What information does this study provide? 

  1. It confirms statistically significant protection against osteoporosis / fractures
  2. It revealed an unexpected protection against colorectal cancer. 
  3. It suggests continued concern about the impact of MPA on the effects of HRT. 
  4. It cannot speak to cardiovascular risk because of the design flaws.

As more women live a significantly longer period of their lives in postmenopausal status it is imperative we obtain the right information to make proper management recommendations.  Women not only deserve a properly performed study, they should demand it.  I demand it for the sake of my family members and my patients’ welfare.  We should all demand it, not because we are hormone advocates but because we are patient advocates.

So what have we learned from this study?  How should we change our recommendations to our patients and family?  Where do we stand now?  Quite simply, we are just where we were in June of 2002 before the WHI results were announced.  As discussed above, and which seems so simply and painfully obvious, the WHI is an Invalid study design and therefore the major conclusion that there is no cardio-protective effect is invalid.  We still desperately need the study that was promised and we all so eagerly await.  This area is too important to allow sloppy work to pass as important, monumental information and put the welfare of millions of women at risk.

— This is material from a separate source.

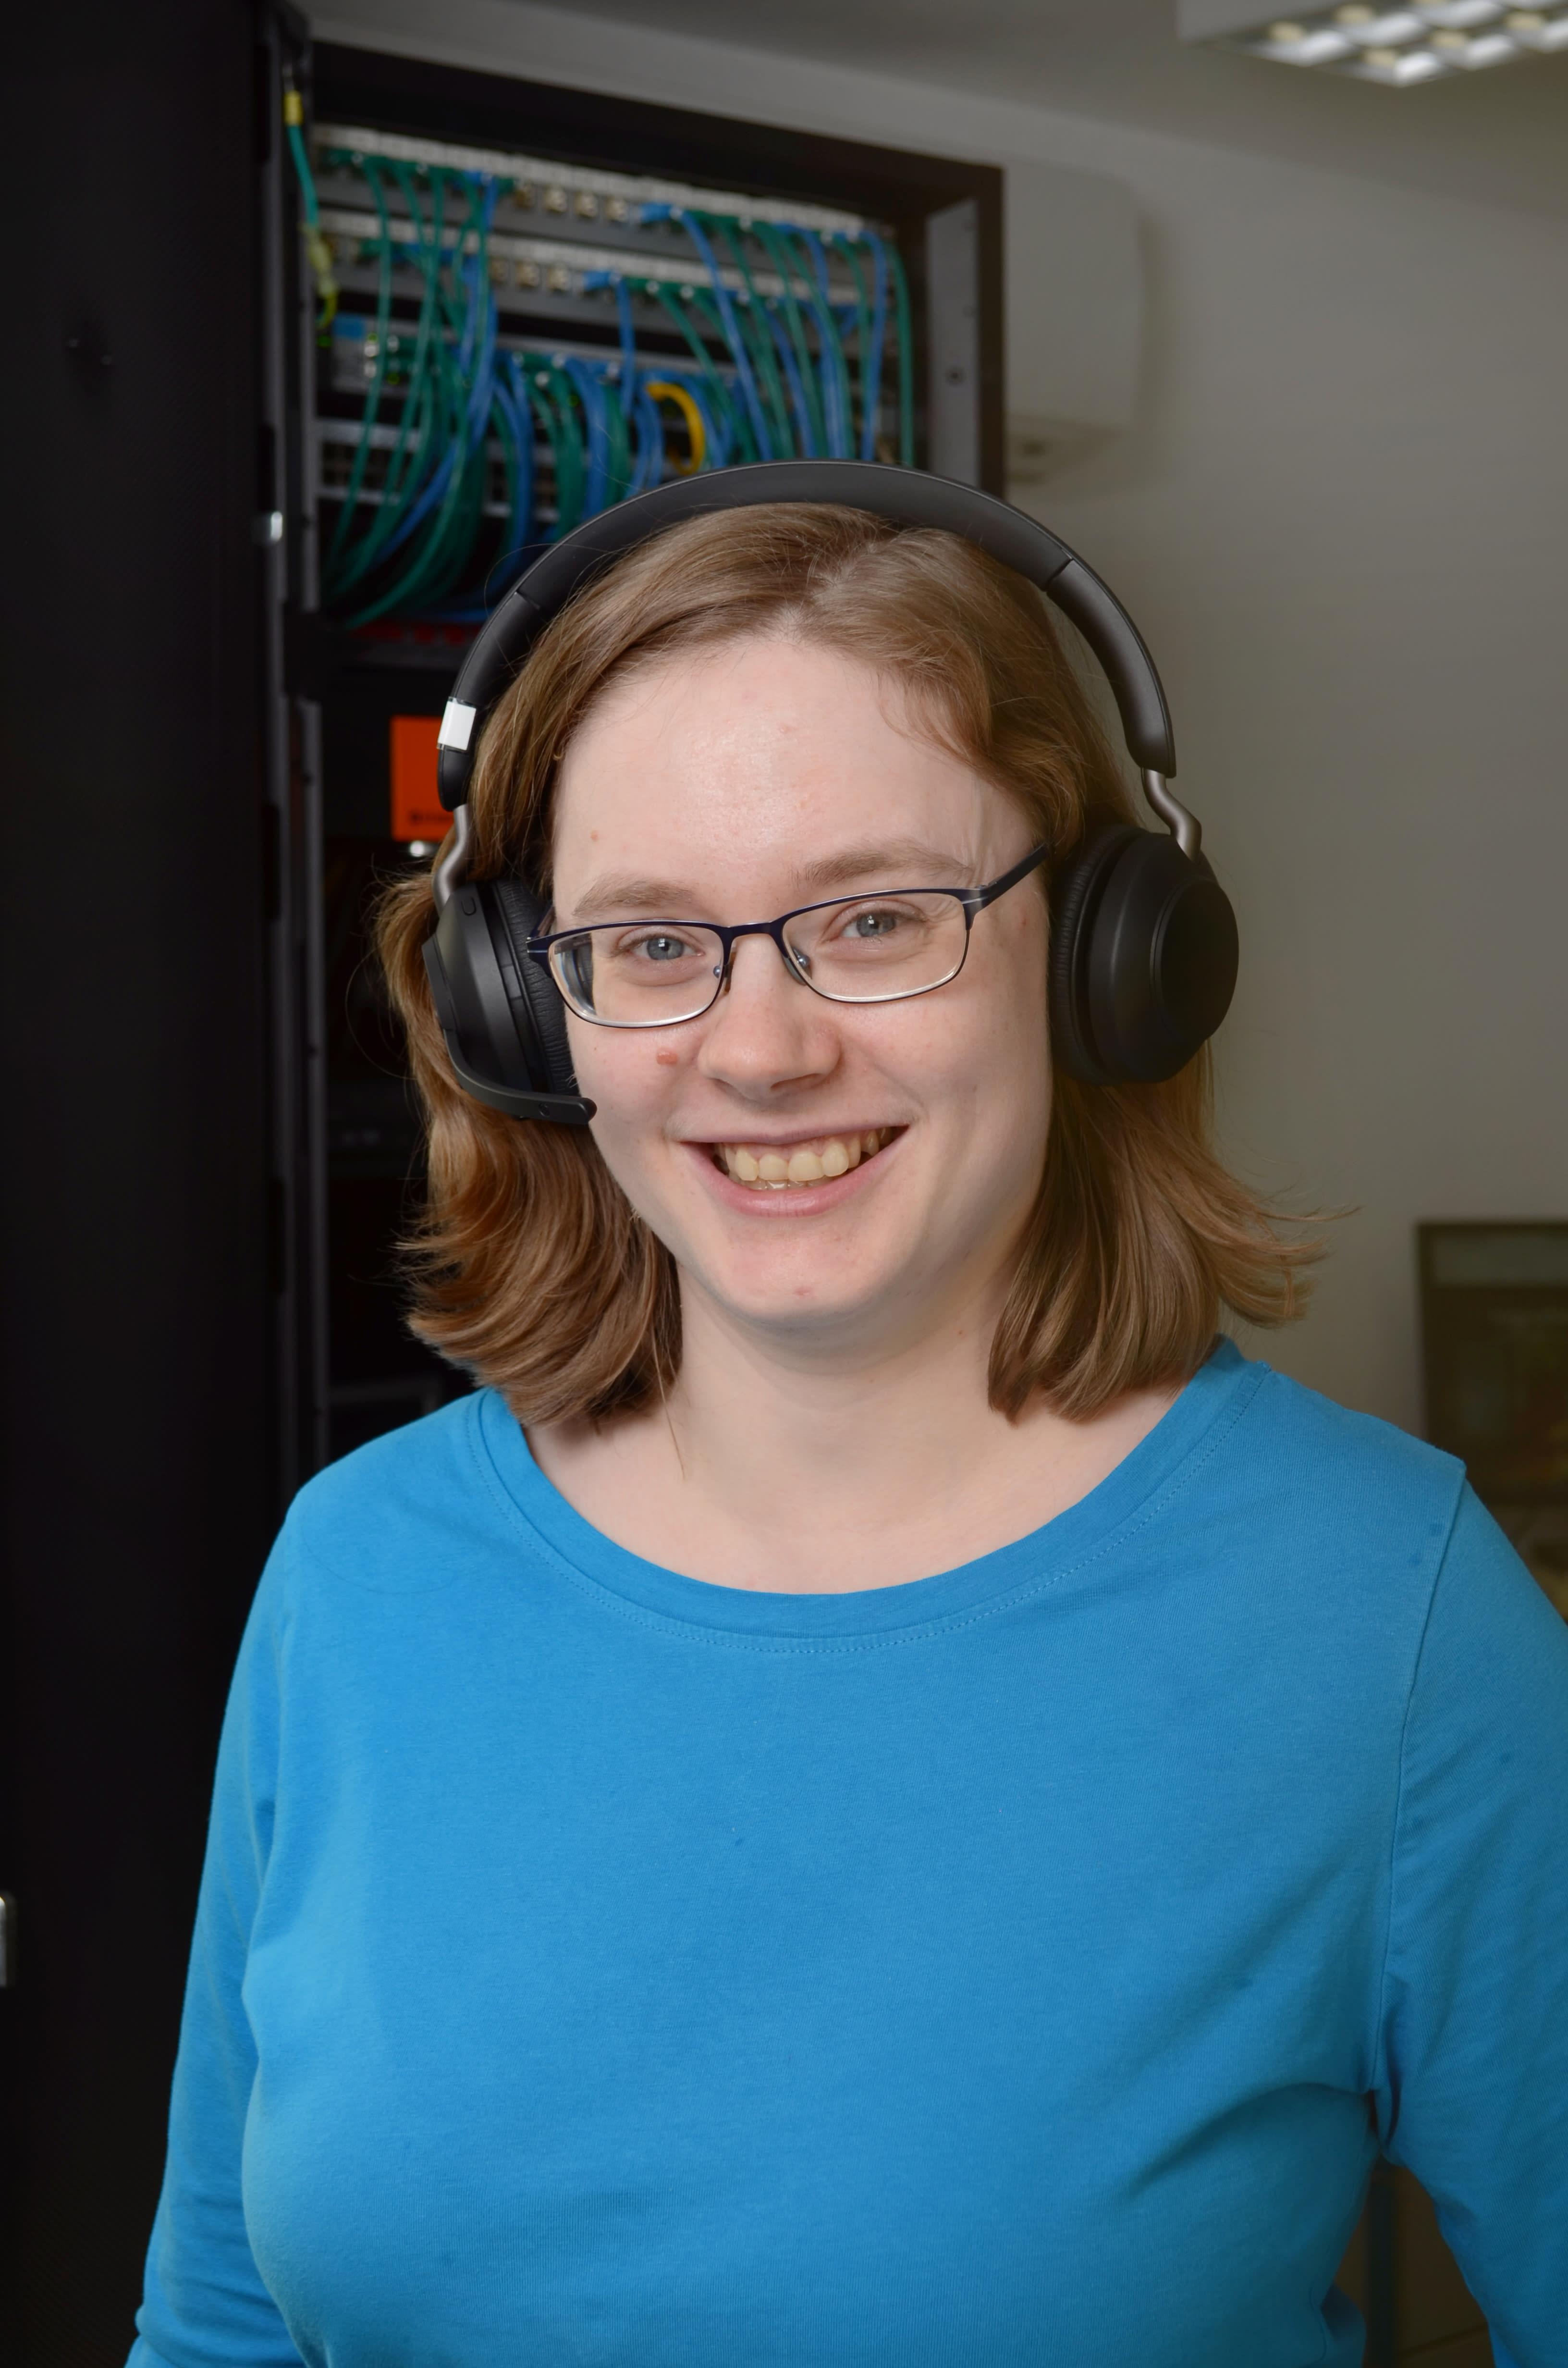 Franziska Bild mit Headset

          This study does not usher in a new era, it is not a “Landmark” study, it does not warrant a major revision in management or recommendations, it certainly does not cause a paradigm shift!  Health care providers should not be advocating the wholesale abandonment of a proven safe and effective treatment. The WHI findings do reinforce the concept learned from HERS, that patients must be carefully evaluated for existing cardiovascular disease prior to initiating HRT.  Perhaps some women really can be “too old” to benefit from starting HRT, if say by age 80 the probability of CVD is high enough to be a significant risk.  But that does is not to say that a woman would have to stop long term HRT just because she turned 80 years old.  Or maybe we need only find safer progestins.

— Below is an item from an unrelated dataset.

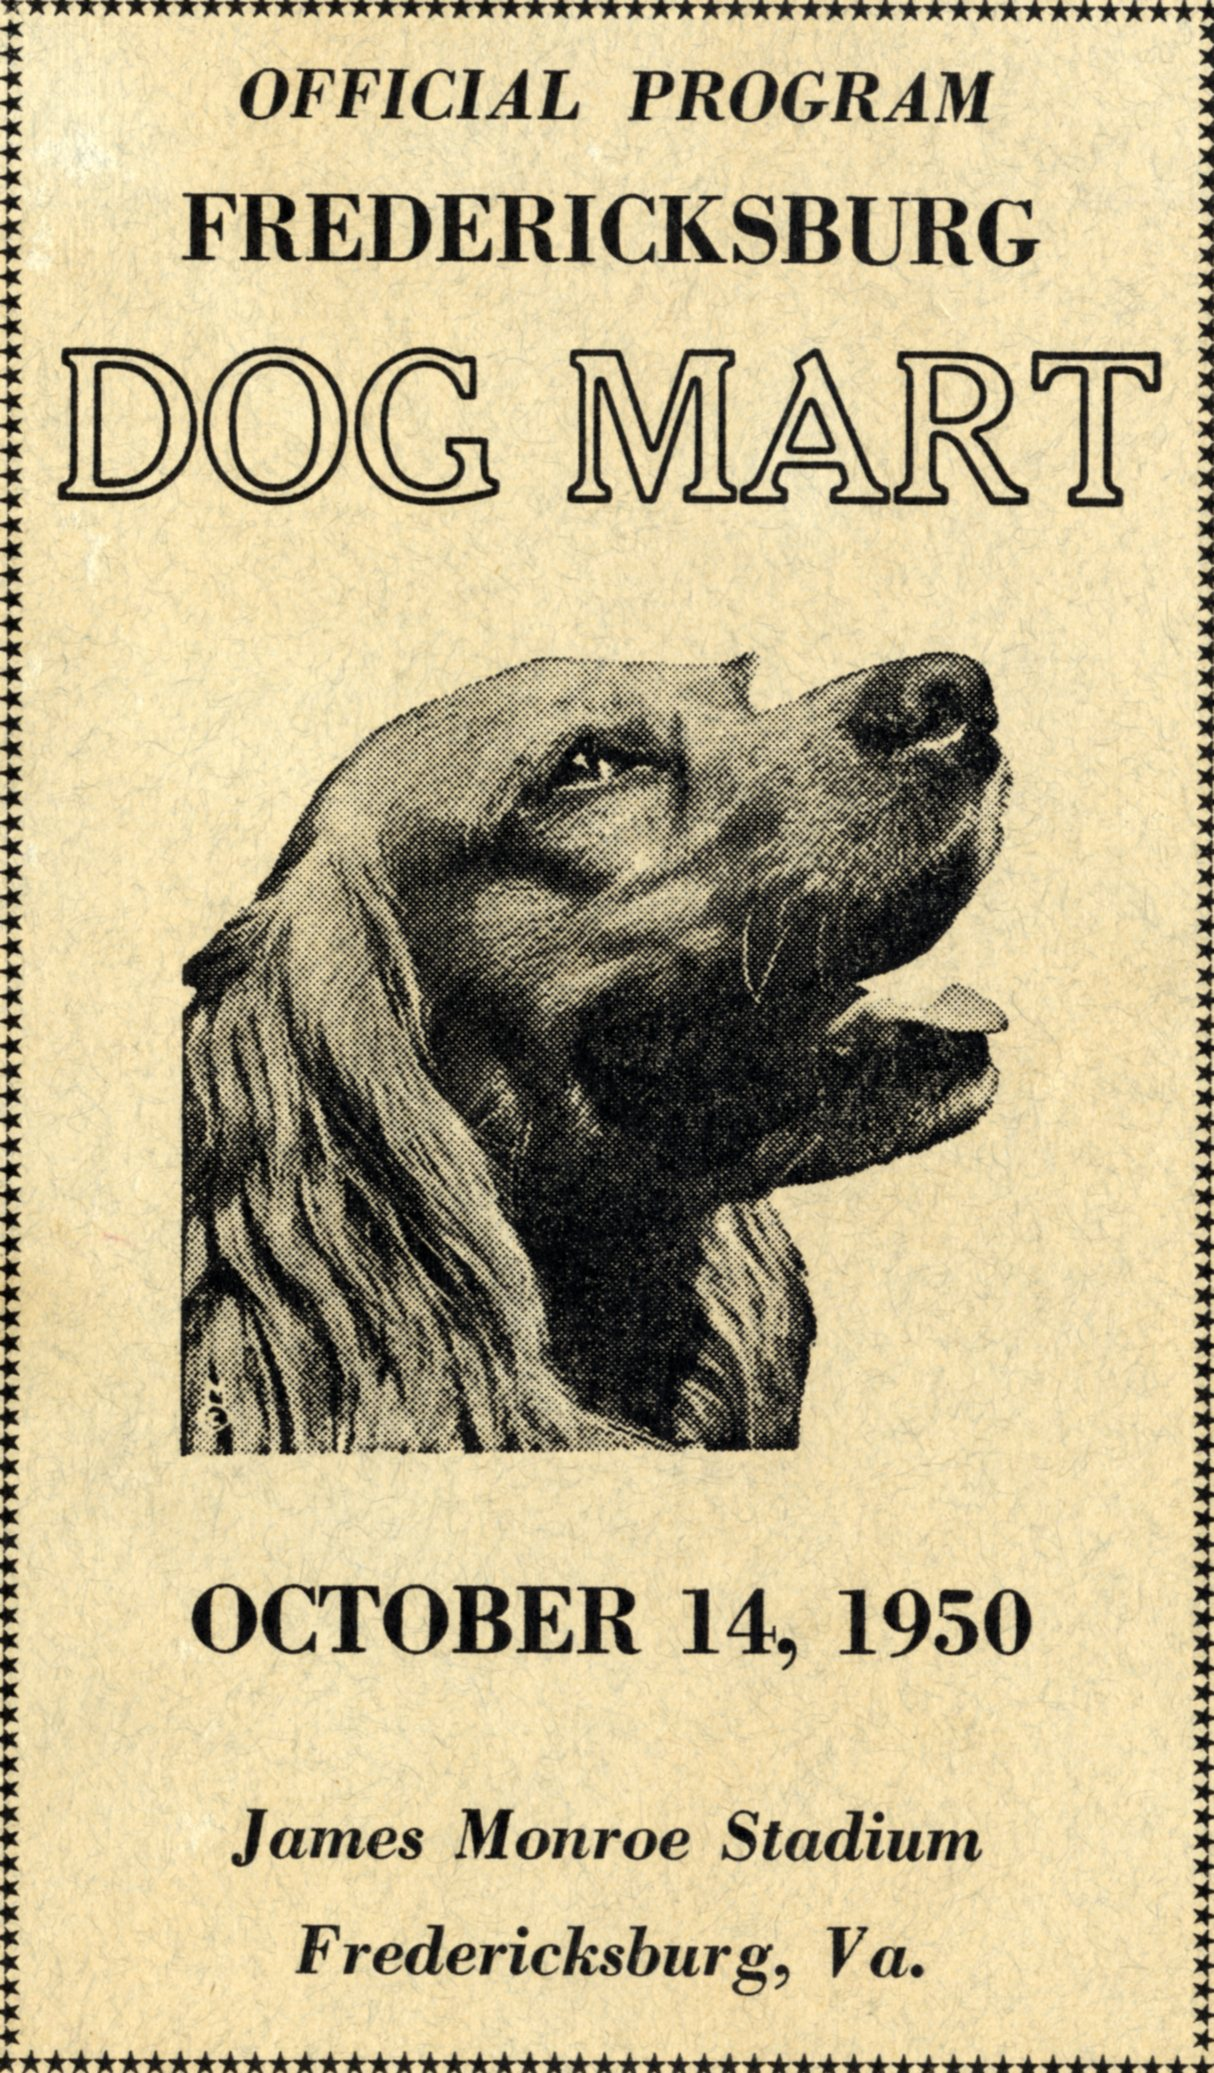 Dog Mart Program

           Why would we consider the recommendation of a multi-drug approach which is untried, and more importantly, unproven; which is comprised of expensive medications, which have significant side effects

           Were this study sponsored by anyone other than the National Institutes of Health it would have never achieved this level of notoriety and much less likely even to have been published. To allow this study to cast aside the accumulated weight of evidence and experience with HRT is unwarranted and inappropriate. 

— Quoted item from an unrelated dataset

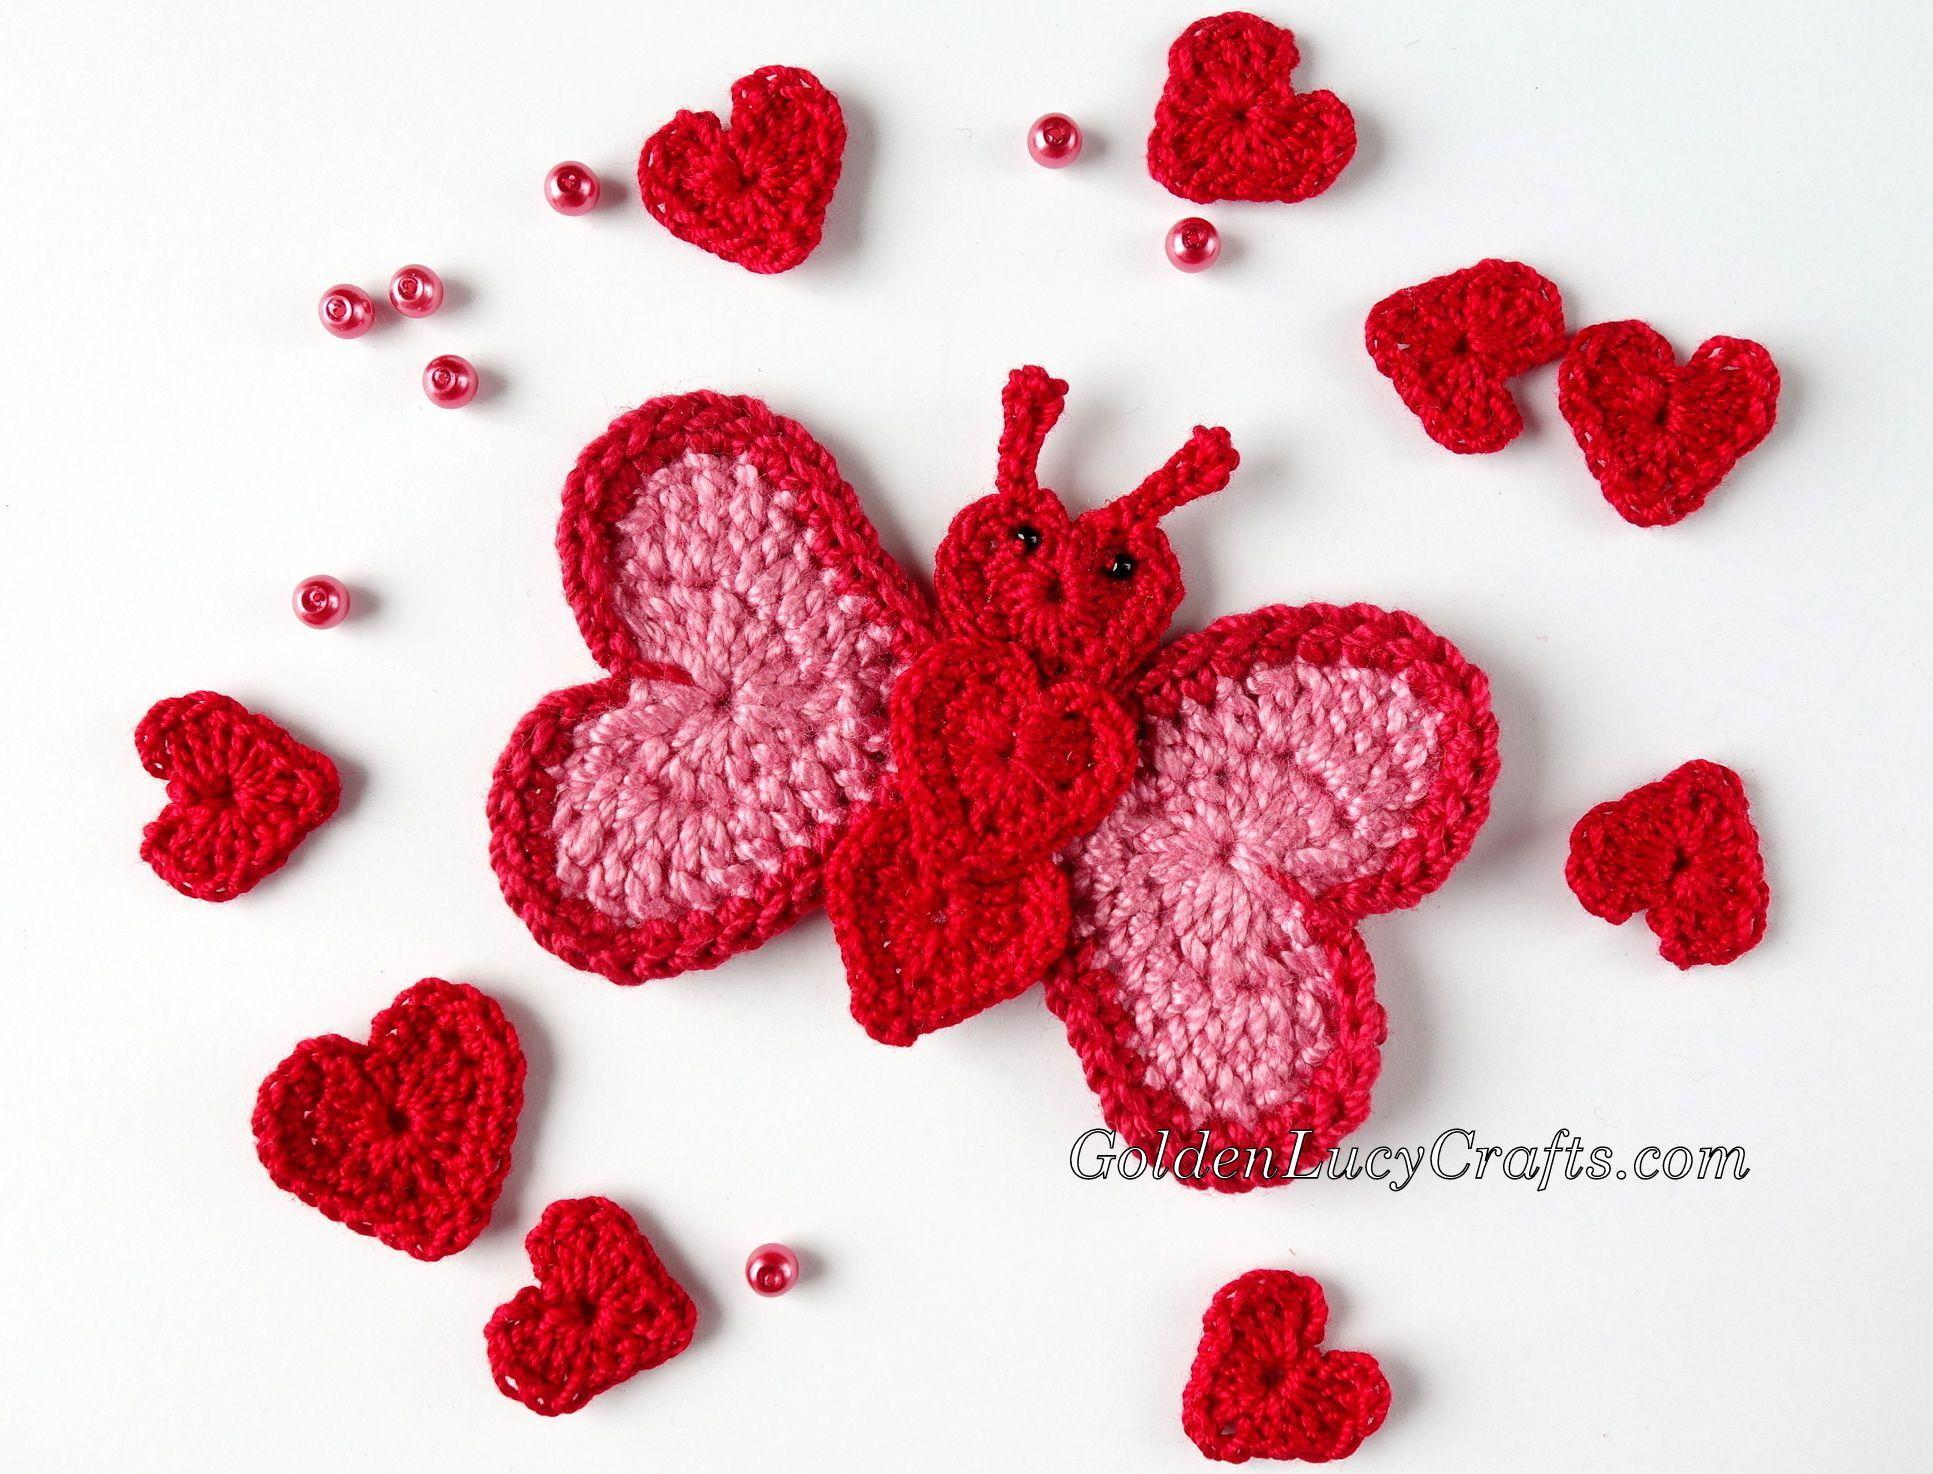 Envelope heart includes both applique and stitched u blasto stitch

It is unexpectedly fortuitous that this study was ended early.  Not because of the adverse trends reported but because it provides an important opportunity to start over with an appropriate study design, well thought out and executed to explore an issue of paramount importance.  It is time to publicly retract the results and ensuing commentary.  The concern for adverse cardiac events raised by this study may have some benefit in the long run if for no other reason than providing the motivation for those subjects randomized into the non-treatment control group to stay there and not seek alternative treatment of their symptoms.  The new study should consider a four-armed approach: Placebo control, Estrogen only, combined Estrogen-Progestin, and what could be termed “Novel” management to consist of the alternative management approaches now being advocated.